The regulated cannabis market of Washington is a closed loop in that it works based on the principle that no marijuana should come in the state and nothing must ever go out as well. Only growers that are licensed by the state produce everything that’s being sold in the stores. If anyone is caught bringing in cannabis from an outside source, then the board will be forced to revoke their license.

How the House Bill Can Affect the Market

House Bill 2234 will have the most impact on the processors of CBD who want to incorporate CBD on their products. These include marijuana capsules, oils, candies, and some other products. Some processors of CBD in the state have already considered the idea of incorporating unlicensed CBD into their products that have higher CBD concentrations. CBD processors who have chosen to enrich their CBD products with unlicensed ones can do so but at their own risk.

The legal basis on the claim that using CBD from cannabis that’s obtained from outside the state is based upon the idea that not all cannabis is actually considered marijuana and that products that contain CBD derived from industrial hemp or from certain parts of the cannabis plant are not included in the list of the Federally-controlled substances, as defined under the Federal Law.

The 2014 US Farm Bill

The 2014 US Farm Bill created a framework for cultivating industrial hemp legally, which is often referred to as cannabis with THC concentration below 0.3%. The Bill allows for the states to create pilot programs for the purpose of hemp research. Washington has this particular program, although it’s underfunded. Hemp crops that were cultivated in compliance with the pilot program imposed by the state are in legal pursuant to the bill, although any sale of products obtained from the research is strictly prohibited.
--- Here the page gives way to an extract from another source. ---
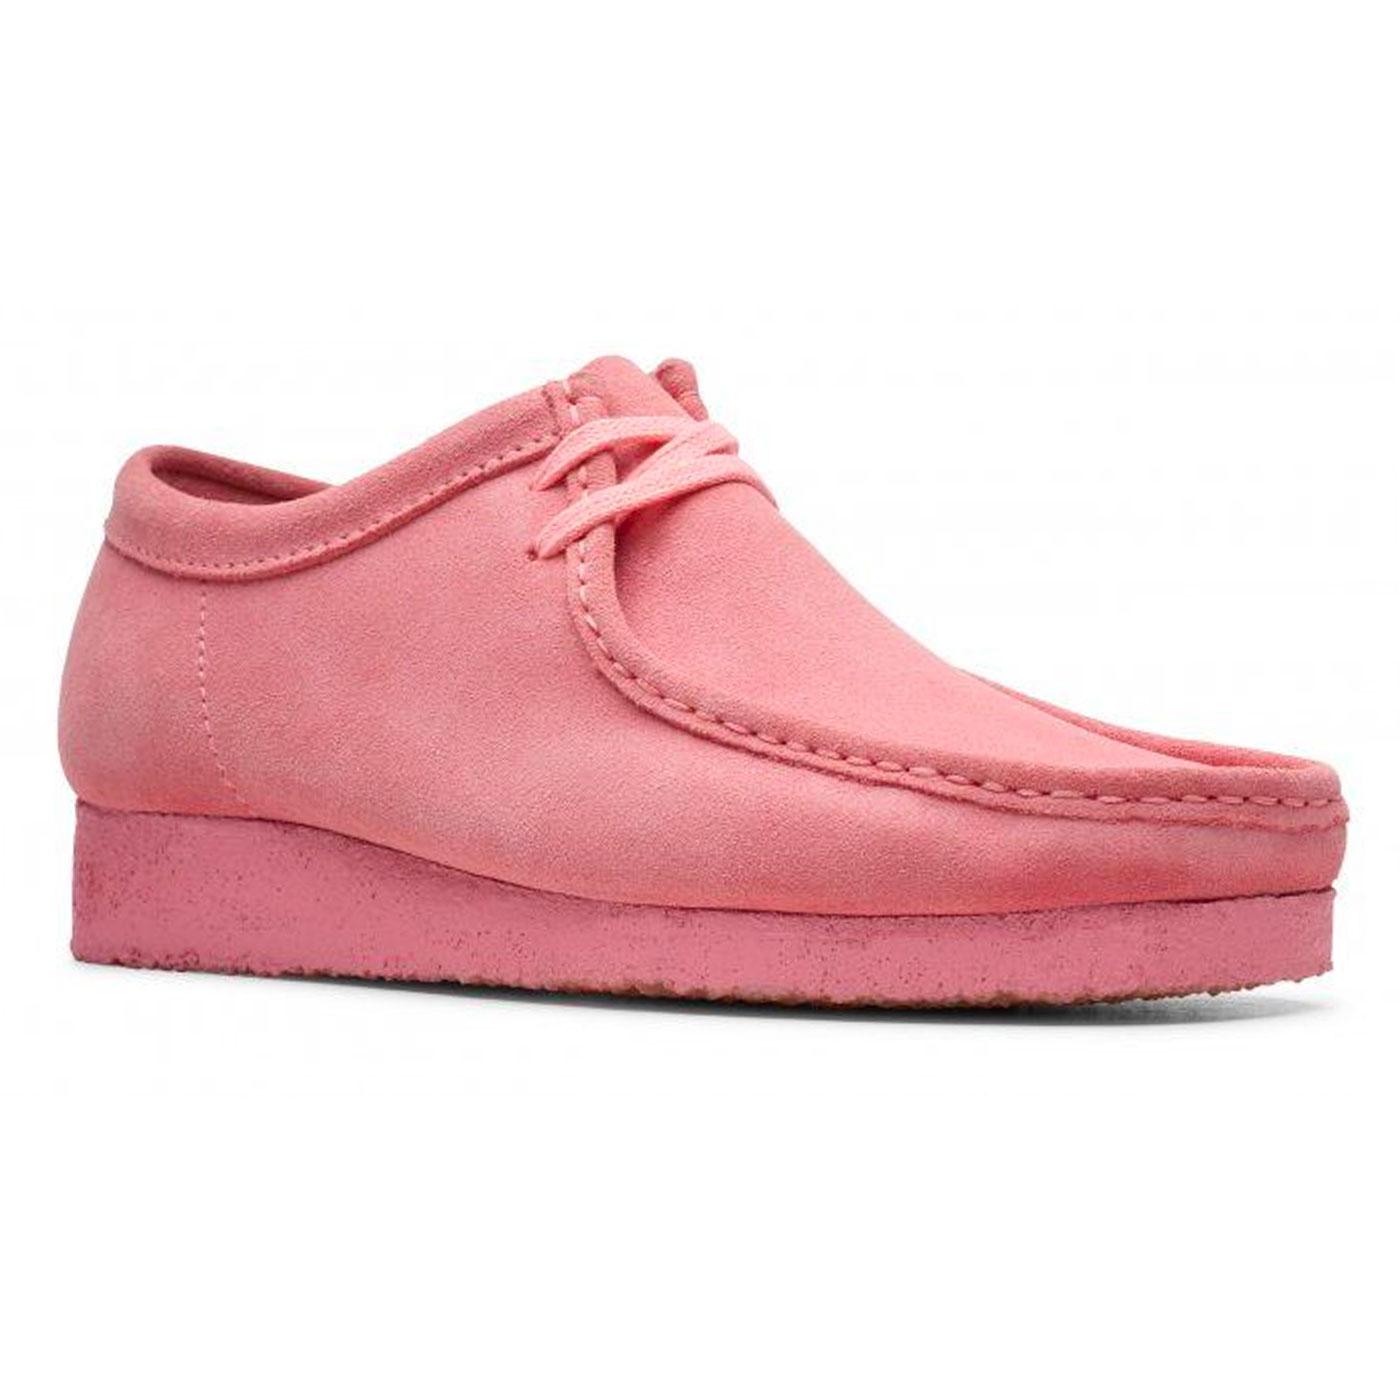 clarks wallabees womens on sale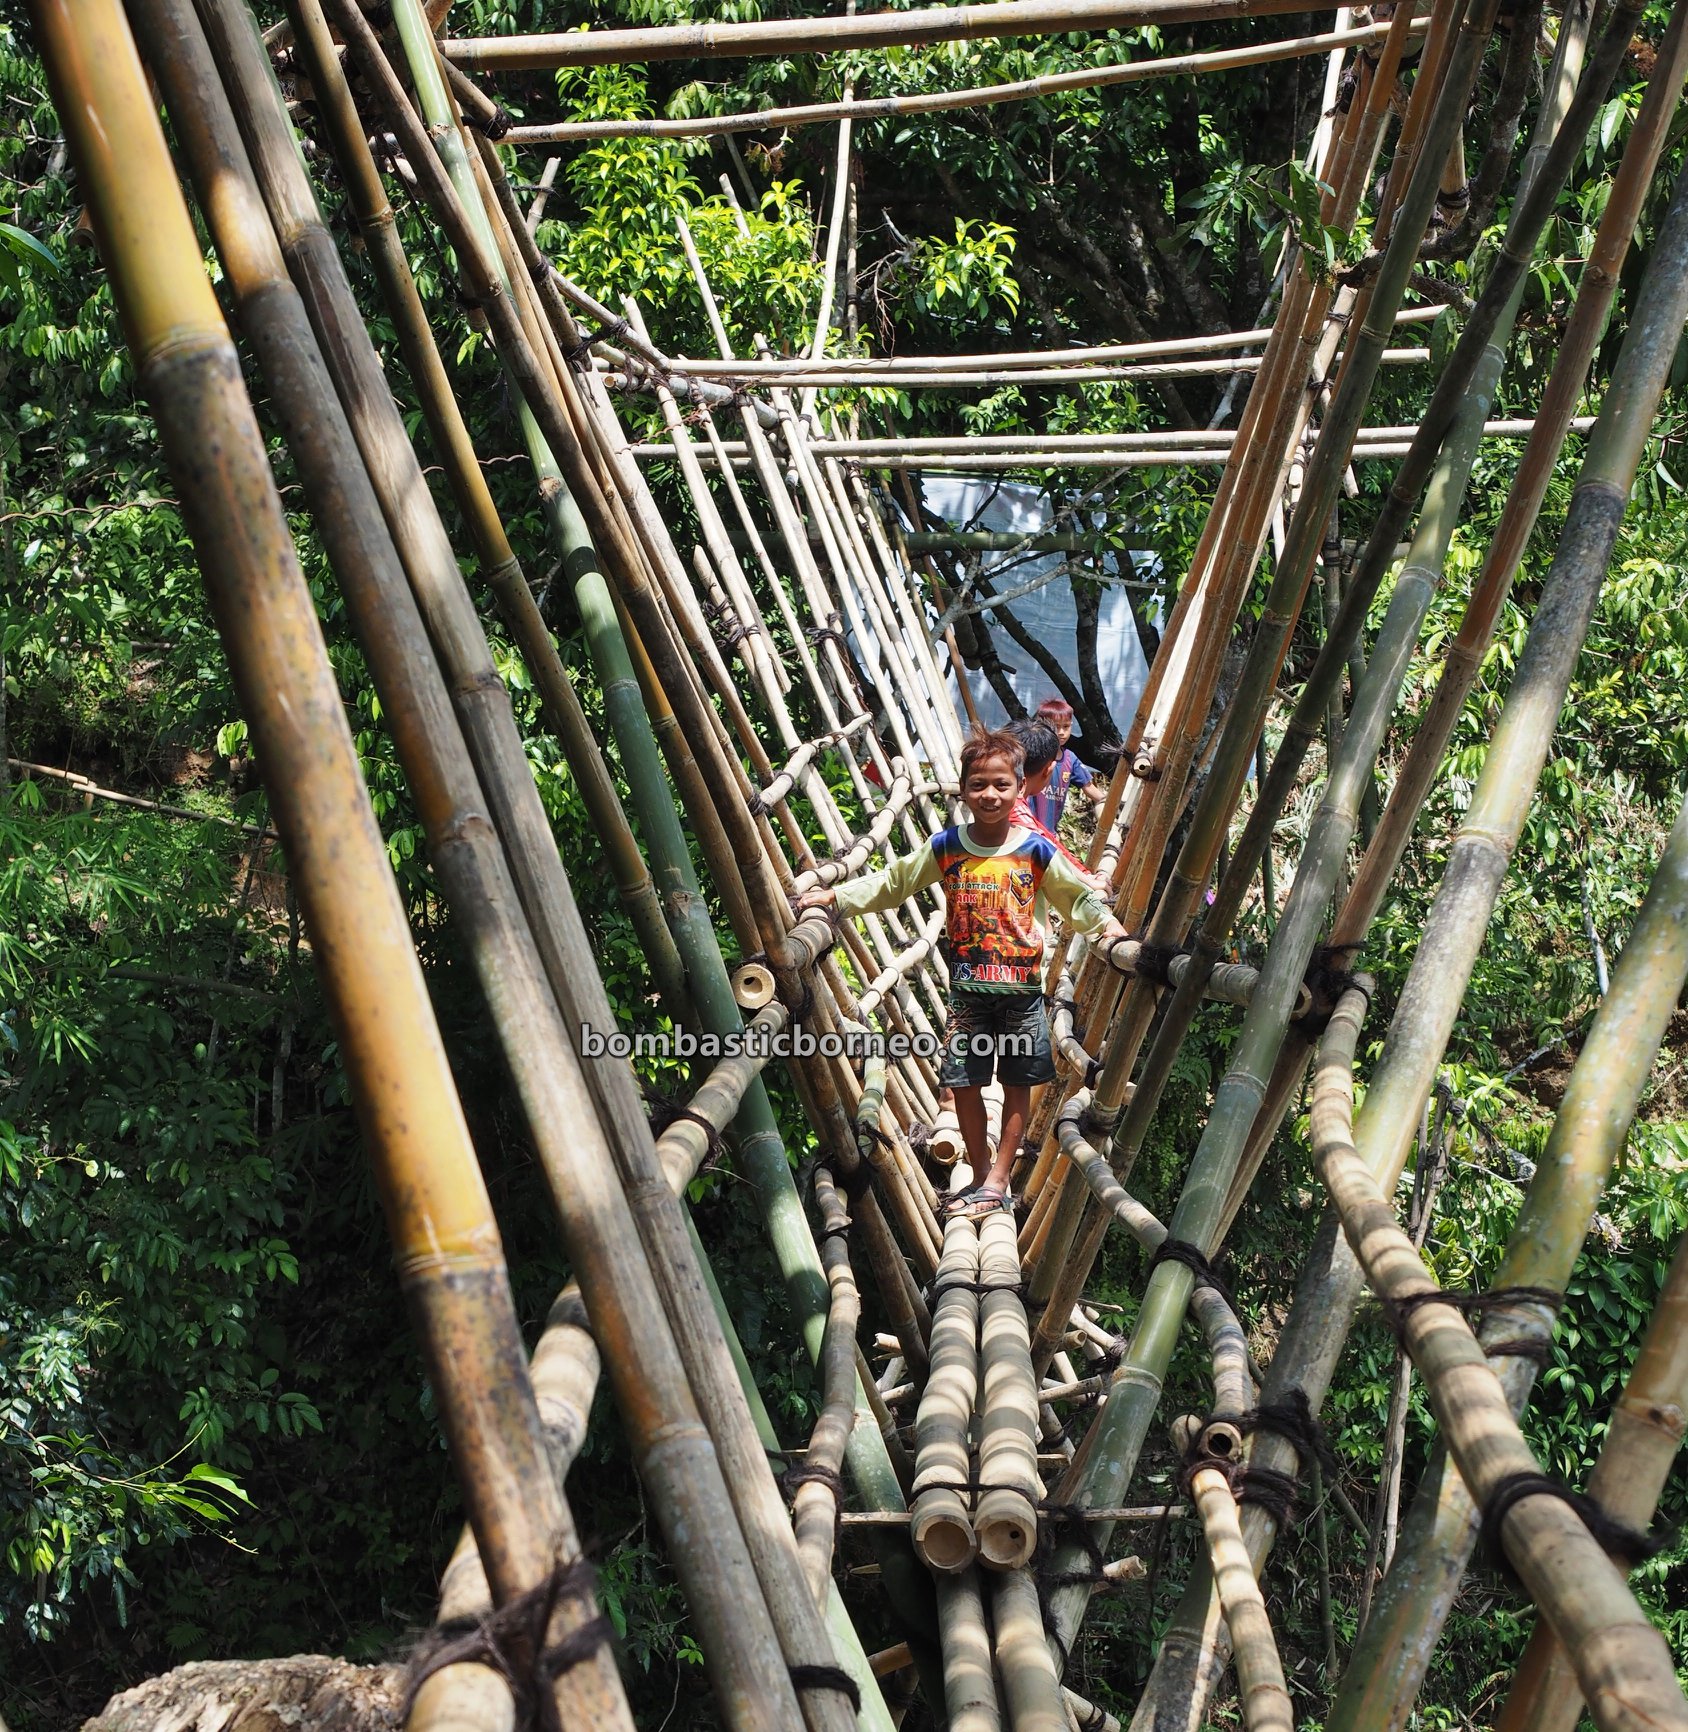 bamboo bridge, Sungkung Medeng, authentic, traditional, backpackers, Bengkayang, Indonesia, Kalimantan Barat, native, tribal, highland, village, tourist attraction, Travel guide, Trans Borneo

In the previous year, the legislature of the state required a study of the viability of allowing CBD processors to use hemp that’s only cultivated by licensed farmers. It’s also possible that processors can use the CBD products derived from a hemp cultivator from another state, which has implemented the Industrial Hemp Program in accordance with the Farm Bill. However, the DEA has issued a statement saying that the interstate transfer of industrial hemp is actually beyond the scope of the Bill and is therefore considered illegal.